С т а р ш и н а. Говорю, через грудь перерезало. Разве знакомый он тебе?
Т а н я. Знакомый, дядя Миша. Такой знакомый… Рядом был, а я его не поцеловала! Руку ему не погладила!.. Ребята, помогите, помогите мне теперь. Что же вы стали?
Входит С е ч к и н. Черный и Шура поддерживают Таню.
С е ч к и н. Тише! Тише, ребята! Слушайте, орудия уже не стреляют?
С т а р ш и н а. Не стреляют. Значит, кончилась!
За сценой голос: «Капитуляция! В Берлине капитуляция!»
Ч е р н ы й. Вступаем в мир, Танюша.
П у ш н о в. Кончилась война. И это уже история.
З а н а в е с.
И НАС ДВАДЦАТЬ
Пьеса в одном действии
Действующие лица
М и ш а — боец, 19 лет.
Н и к о л а й — боец, 20 лет.
С т а р ш и н а — 23 лет.
Б е л о в, 40 лет.
Л е й т е н а н т, 20 лет.
Н и н а — санинструктор, 19 лет.
Е в с е е в — сержант, 30 лет.
К л е п и к о в — боец, 30 лет.
Р а з у в а е в — боец, 20 лет.
Т и щ е н к о — боец, 35 лет.
В а н я, 15 лет.
М а й о р, 35 лет.
О р д и н а р е ц, 20 лет.
Синяя зимняя ночь. Окоп, припорошенный сверху снегом, ведет к подвалу разрушенного дома. Где-то неподалеку догорает пожар, и местность освещается переменным красным светом. Входит боец с винтовкой. Это М и ш а. Вглядывается вперед, слышит шаги справа. Оборачивается.

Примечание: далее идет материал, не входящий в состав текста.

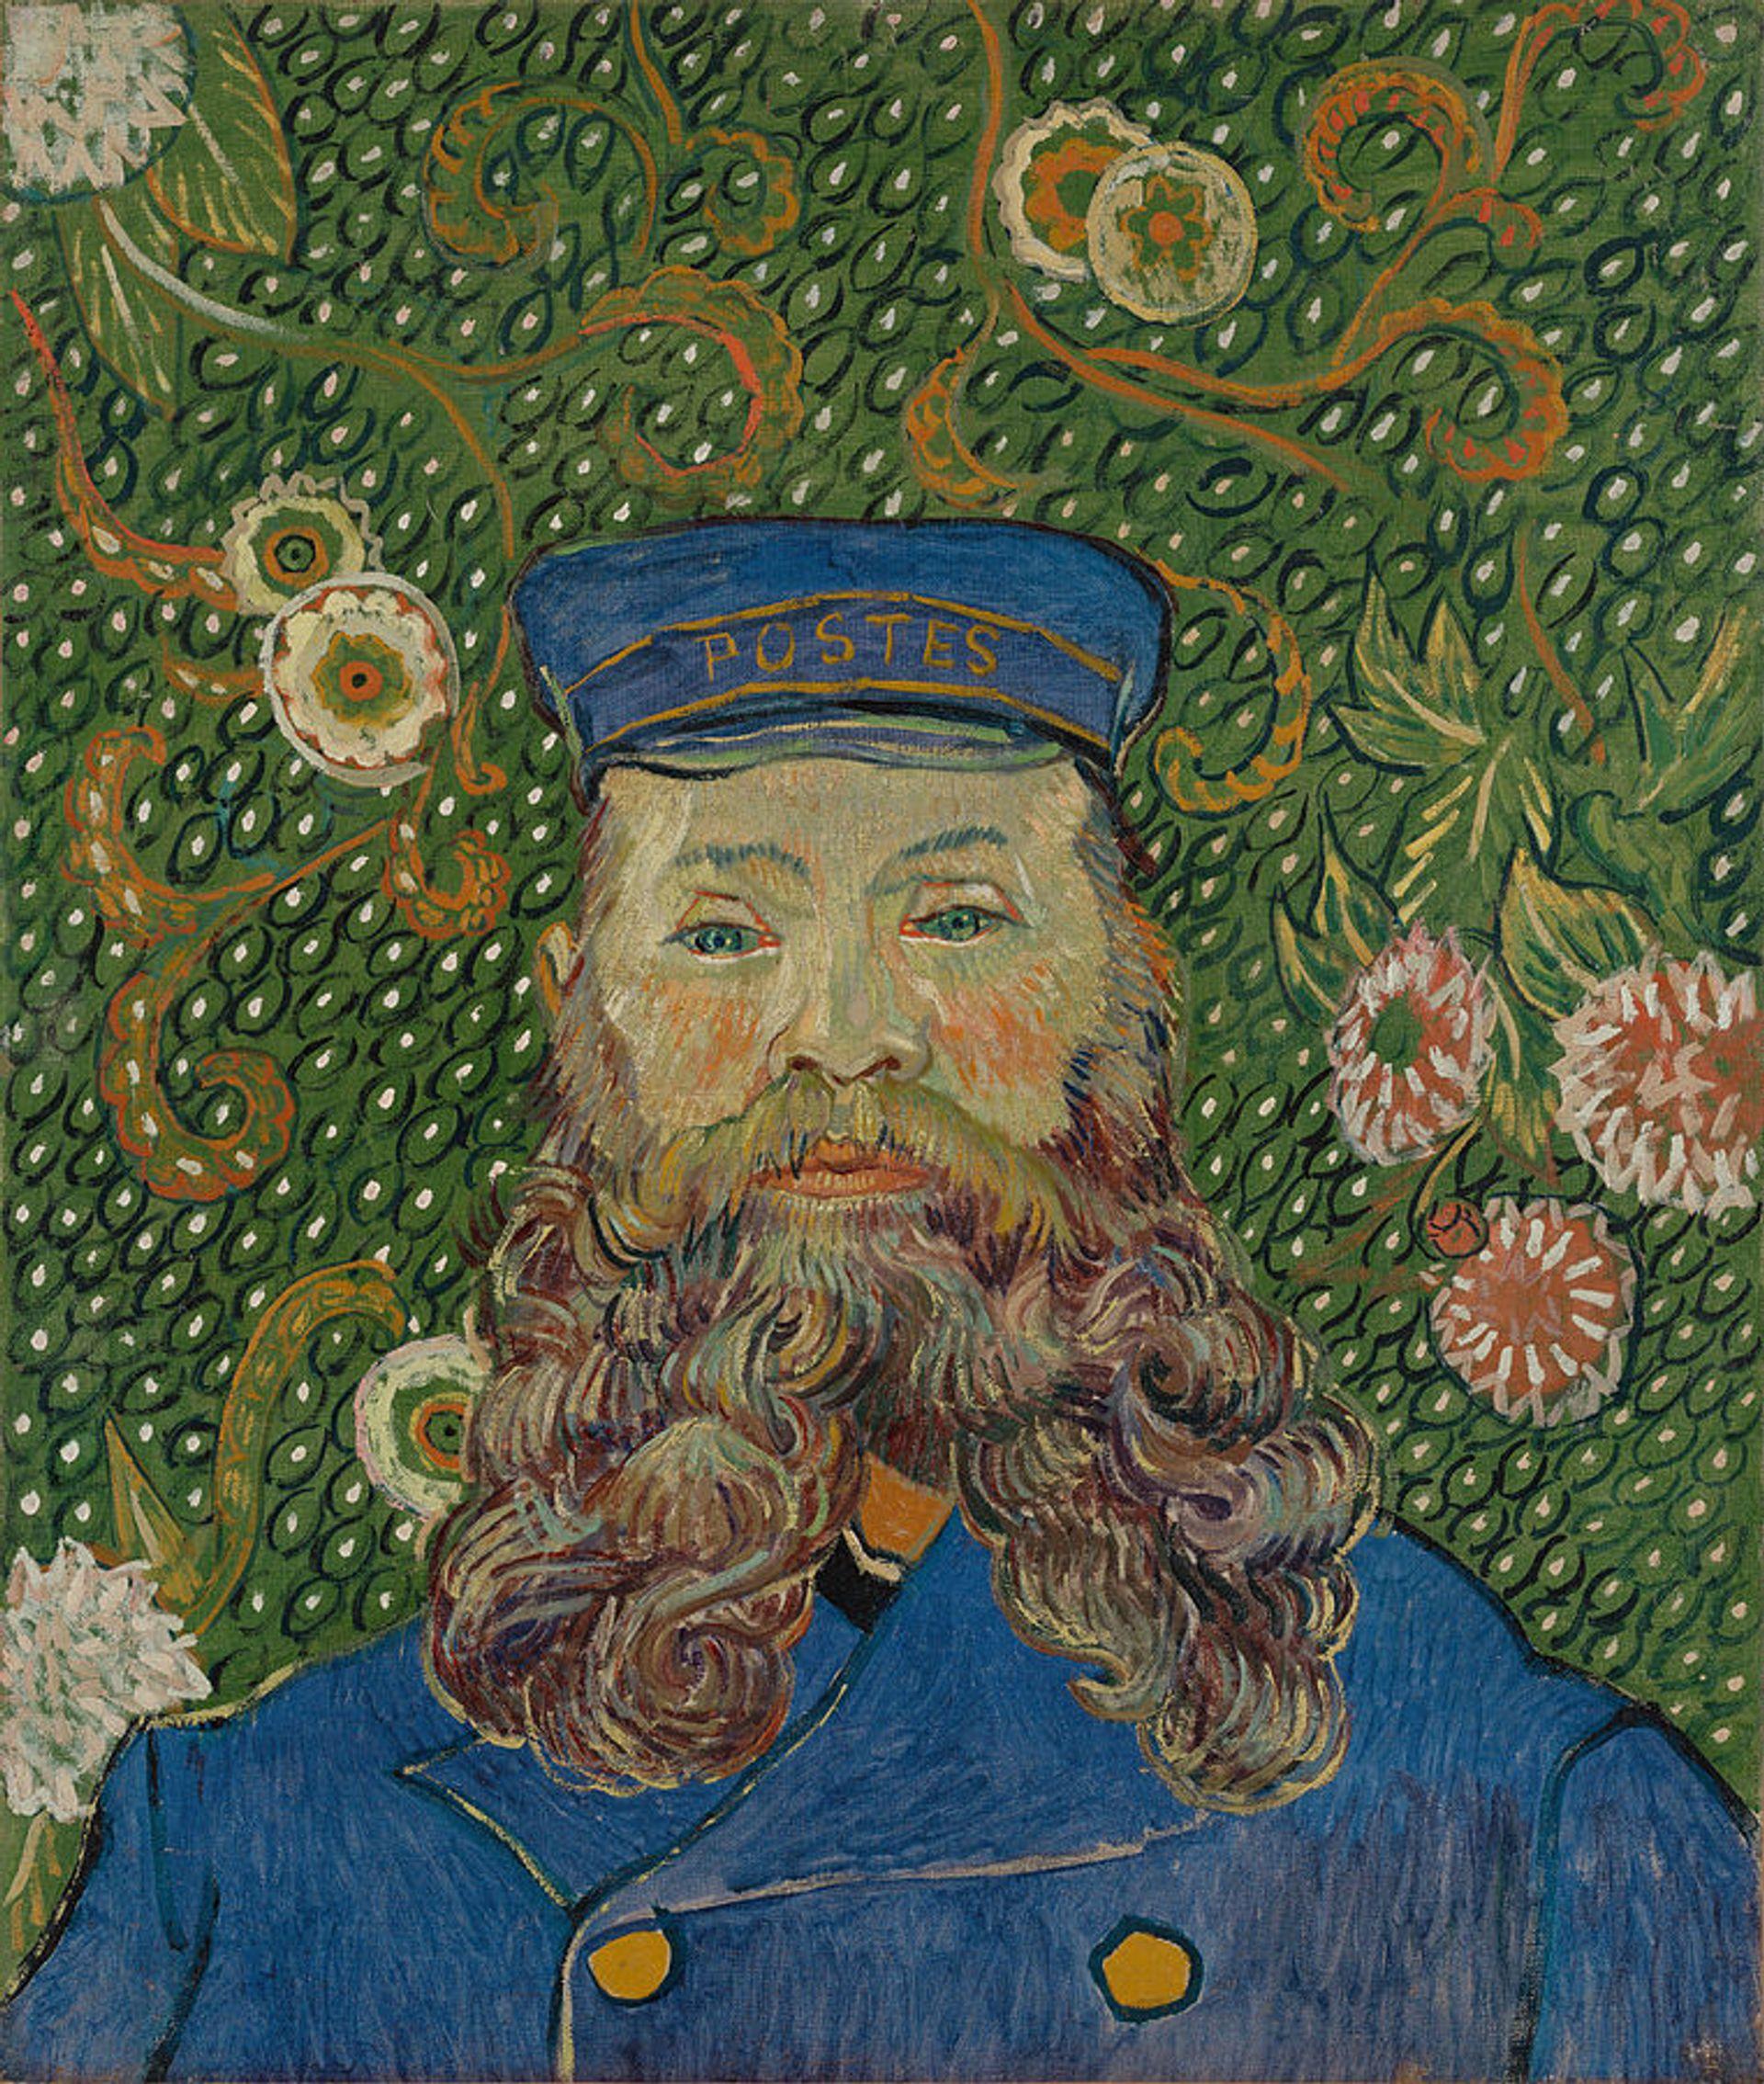 Vincent van Gogh's Portrait of Joseph Roulin (1889) © shooting brooklyn via Wikicommons

Г о л о с Н и к о л а я. Кто идет?.. Миша, ты?
М и ш а. Свои. Я.
Входит Н и к о л а й. Оба разговаривают негромко, боясь нарушить настороженную тишину.
Н и к о л а й. Как там? Спокойно?
М и ш а. Я туда дальше ходил. Смотрел.
Н и к о л а й. Лейтенант сюда придет с ребятами?

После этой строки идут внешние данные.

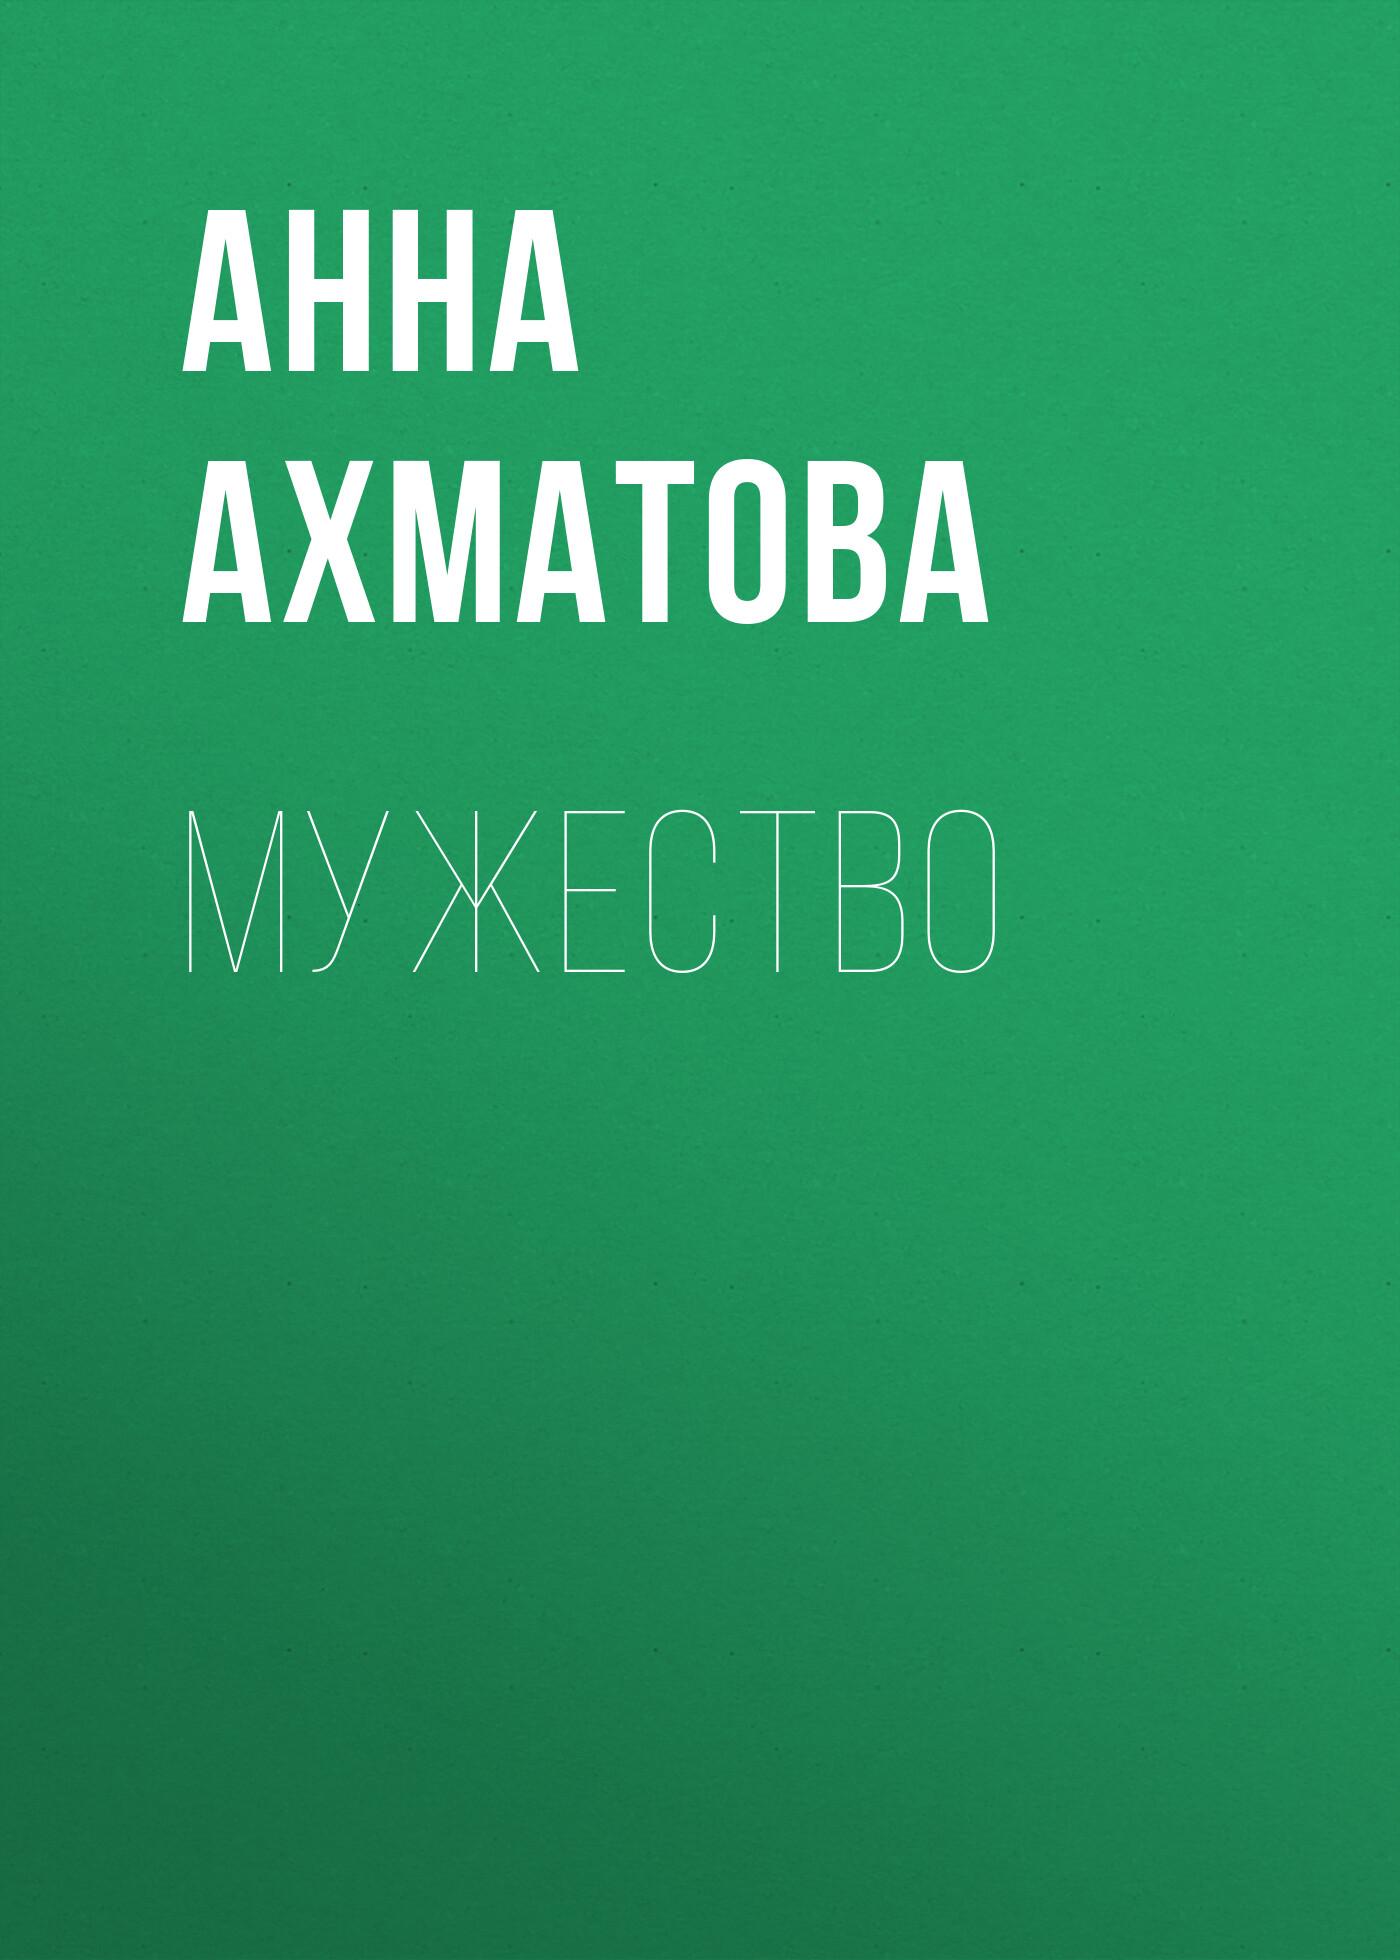 Анна Ахматова Мужество что такое ip покрытие на часах отзывы

М и ш а. Ага. У почты приказал собираться. Тут в подвале печка. Я досок принес.
Н и к о л а й (поеживается). Мороз здорово жмет. Что у вас?
М и ш а. Так… двое еще присоединились. Из окружения вышли. С двести десятой дивизии. С разных полков. Один спит прямо на ходу. И мальчишку я встретил. Он из Березовки. Там немцы.
Н и к о л а й. Ну и что?
М и ш а. Послал к лейтенанту.
Н и к о л а й. Про немцев он говорил что-нибудь?
М и ш а. Я не спрашивал. Послал к лейтенанту.
Пауза.
Н и к о л а й. Как они опять нам дали…
М и ш а. Дда.
Пауза. Вдалеке слышен винтовочный выстрел.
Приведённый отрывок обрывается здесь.